:: Data records

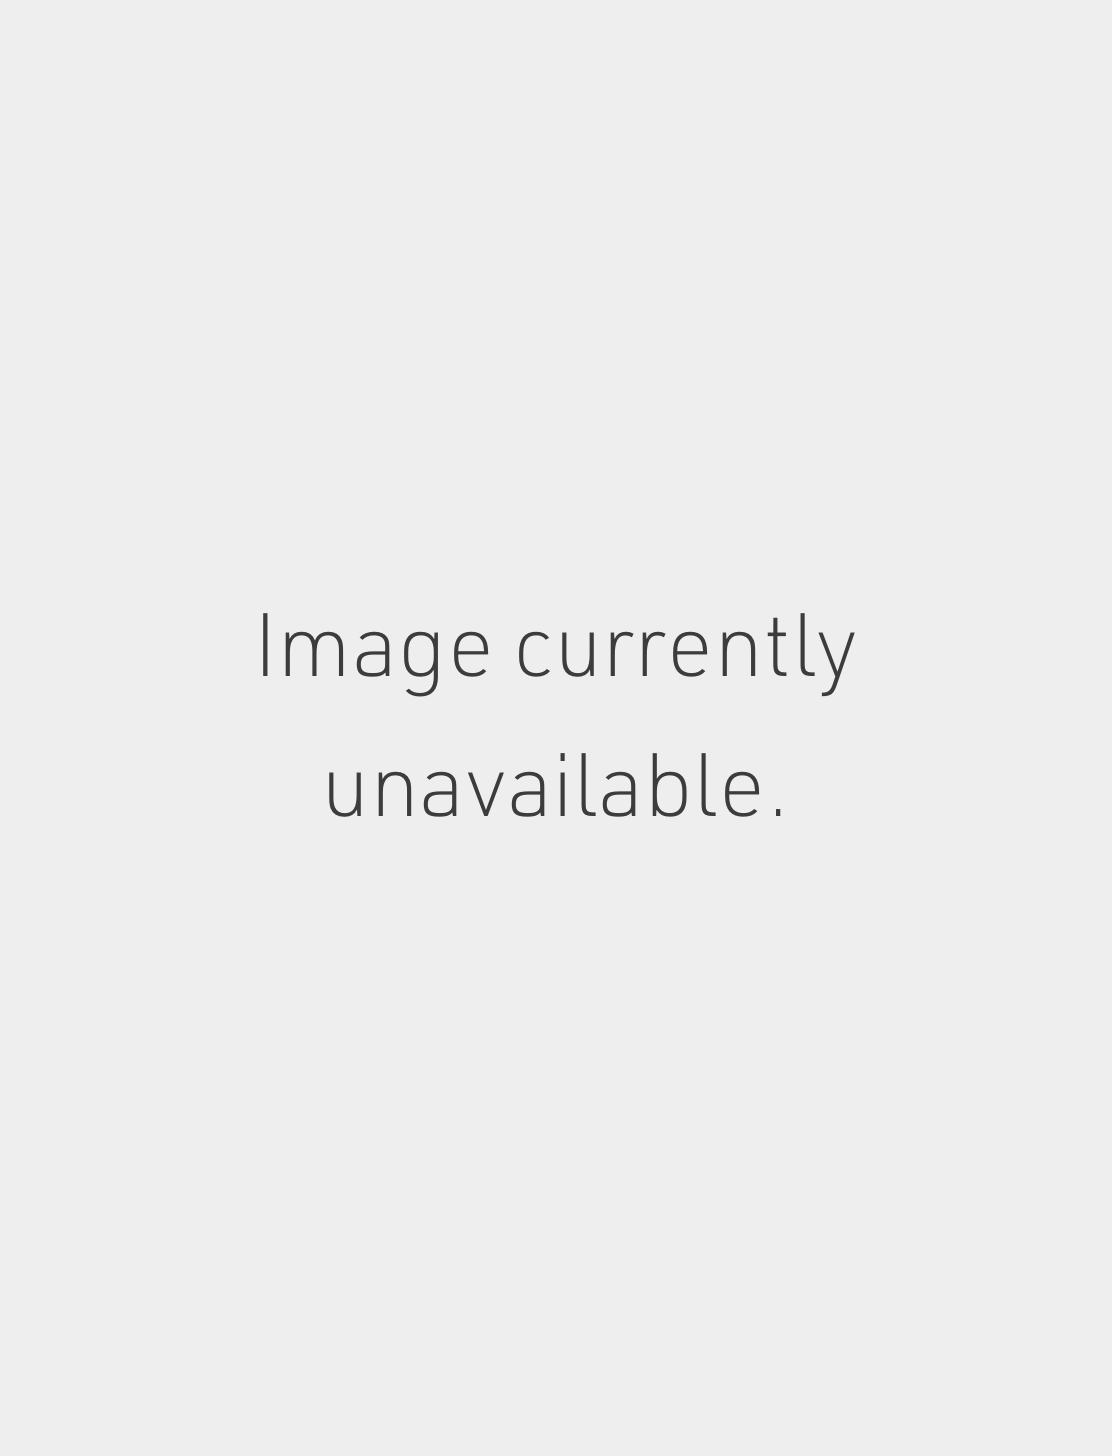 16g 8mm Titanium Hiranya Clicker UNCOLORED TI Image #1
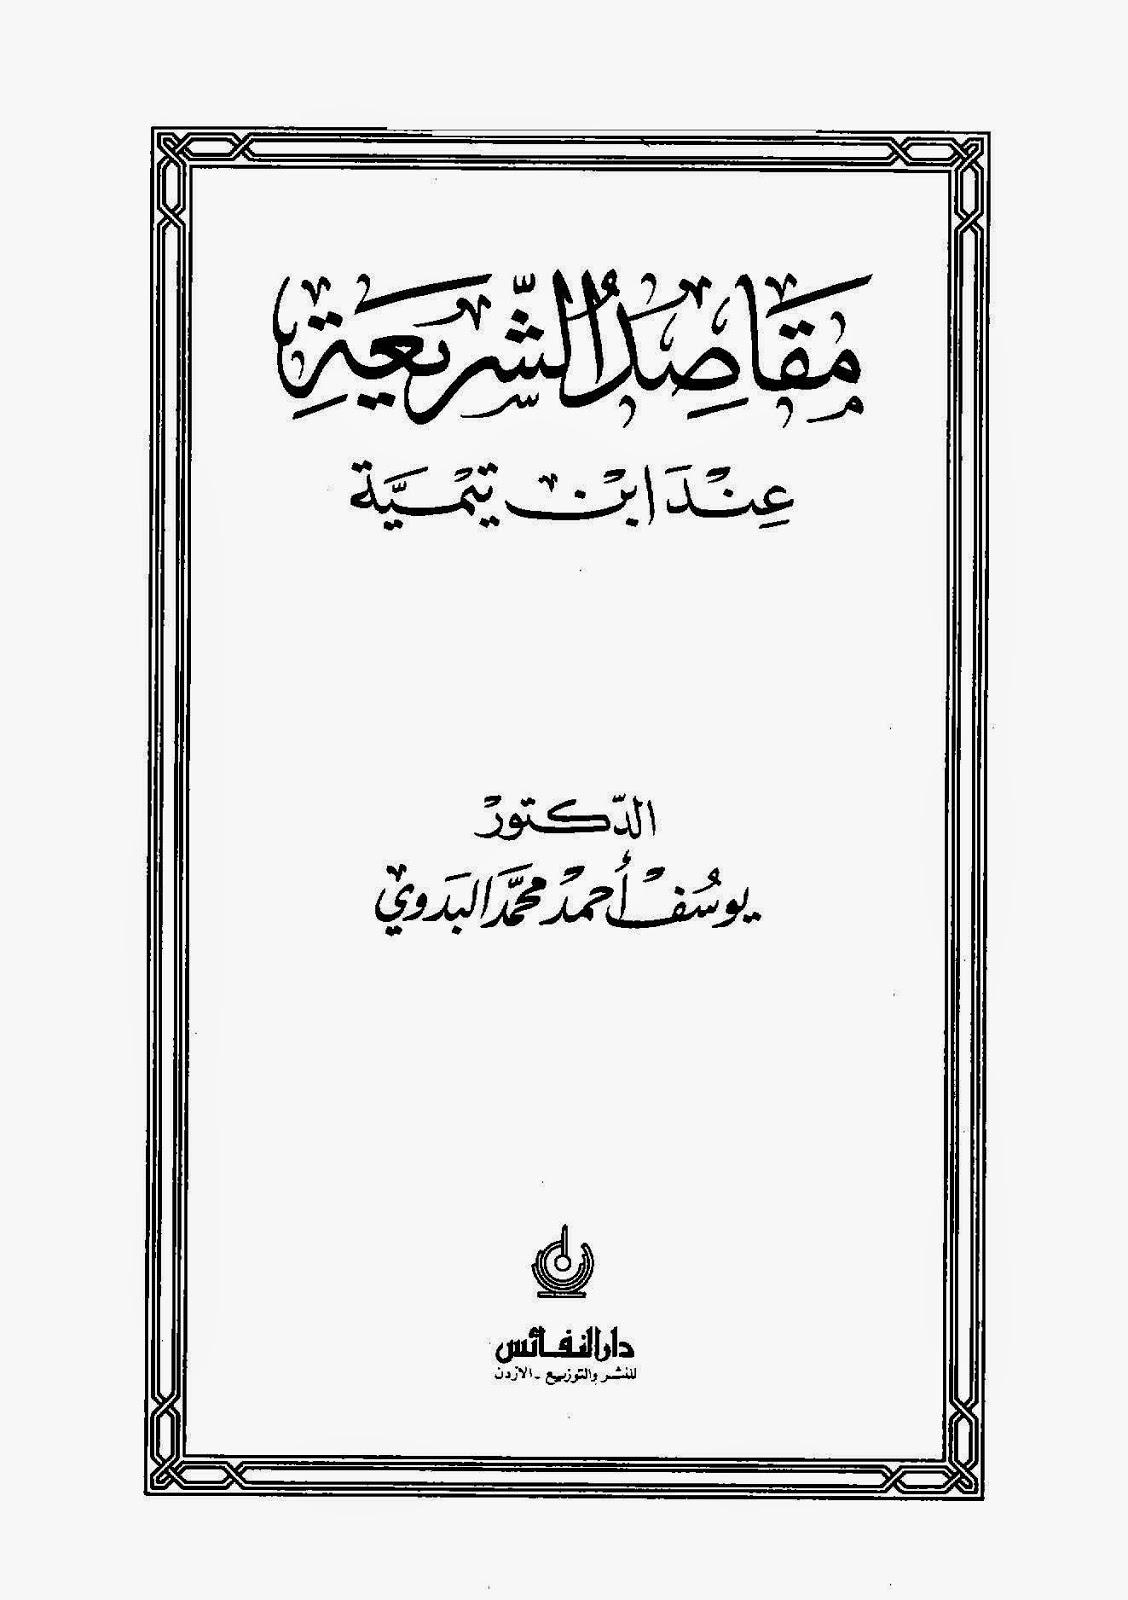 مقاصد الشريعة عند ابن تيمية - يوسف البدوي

::::
:: Data records

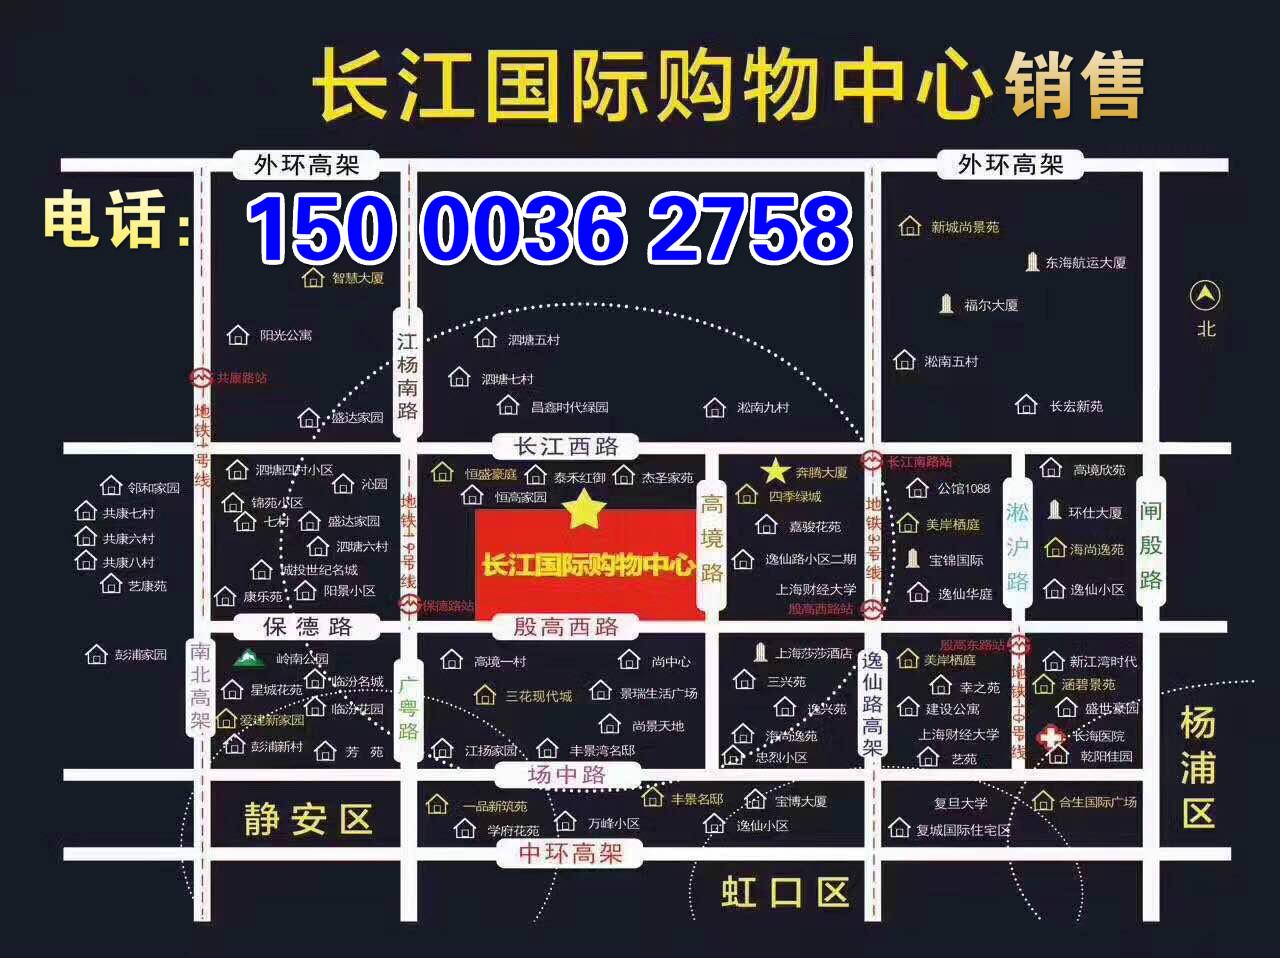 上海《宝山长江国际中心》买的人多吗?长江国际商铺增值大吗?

::::
:: Data records

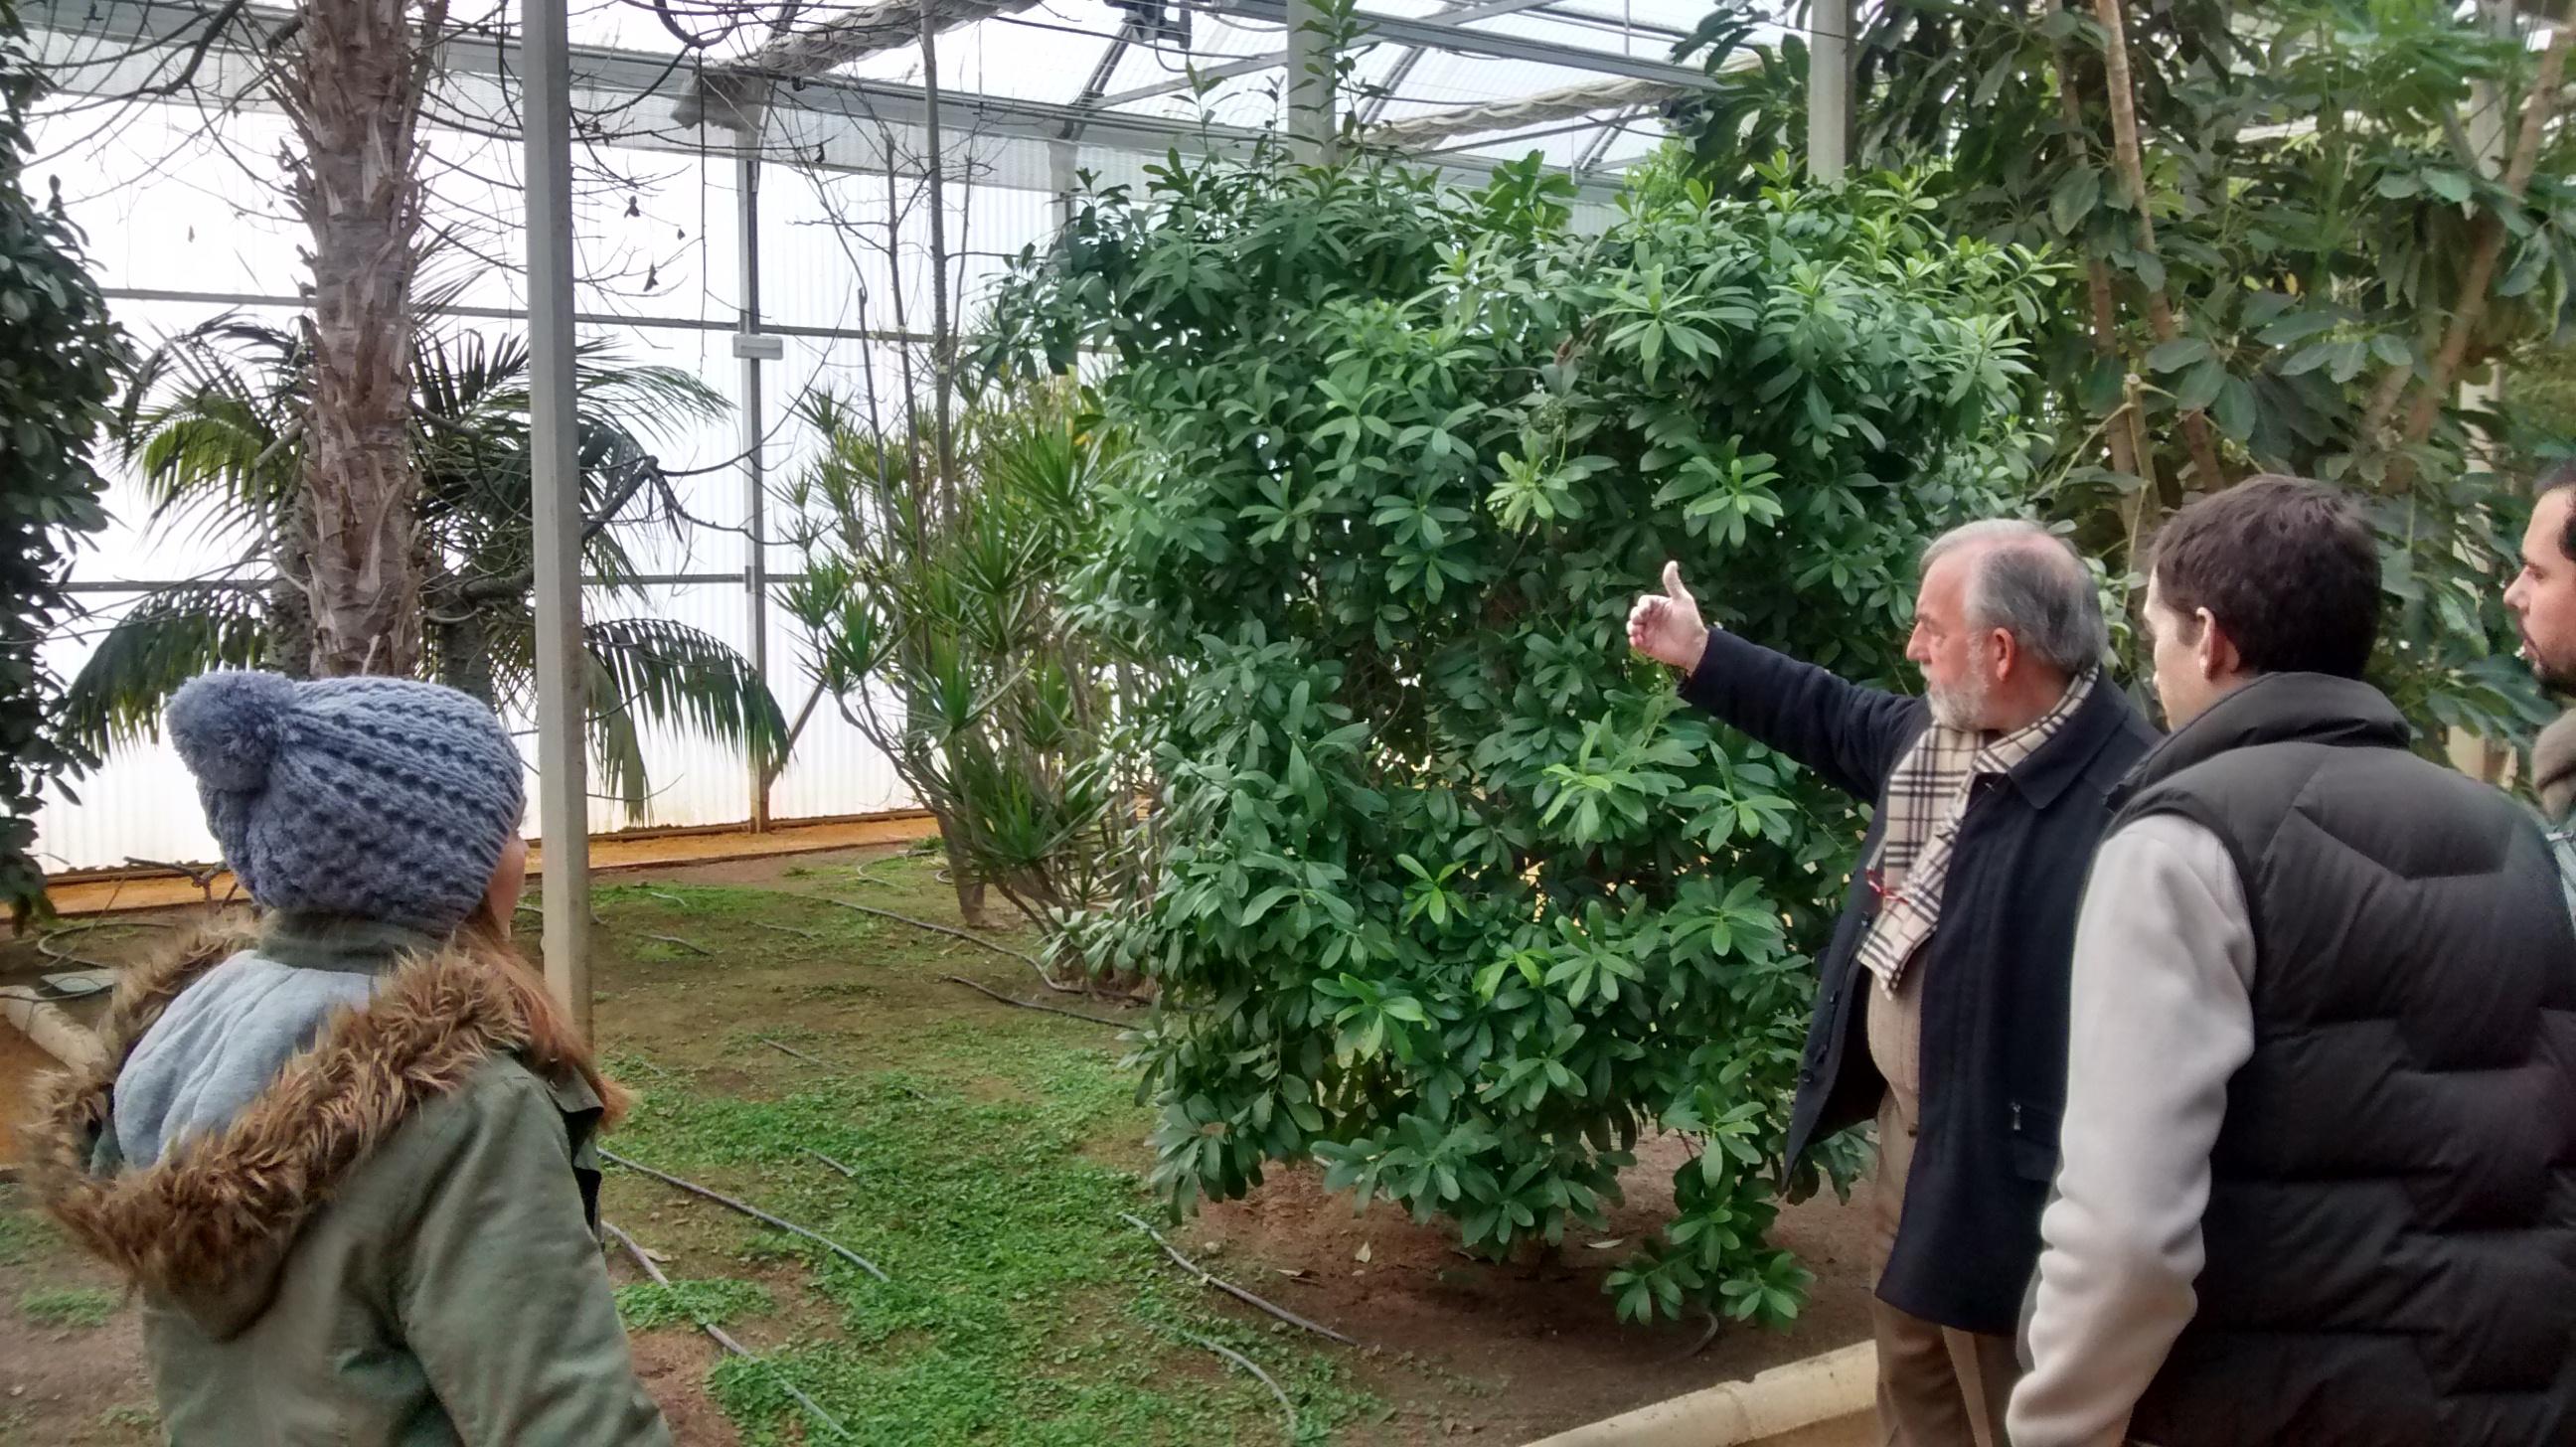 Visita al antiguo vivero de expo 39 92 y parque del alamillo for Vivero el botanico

::::

> Task instructions: Nothing but the lines from the one with "16g 8mm Titanium" up to and including the one with "مقاصد الشريعة عند ابن تيمية - يوسف البدوي" should be printed, exactly as they read above. Please keep the pictures out.

> Finished task:
 16g 8mm Titanium Hiranya Clicker UNCOLORED TI Image #1
 مقاصد الشريعة عند ابن تيمية - يوسف البدوي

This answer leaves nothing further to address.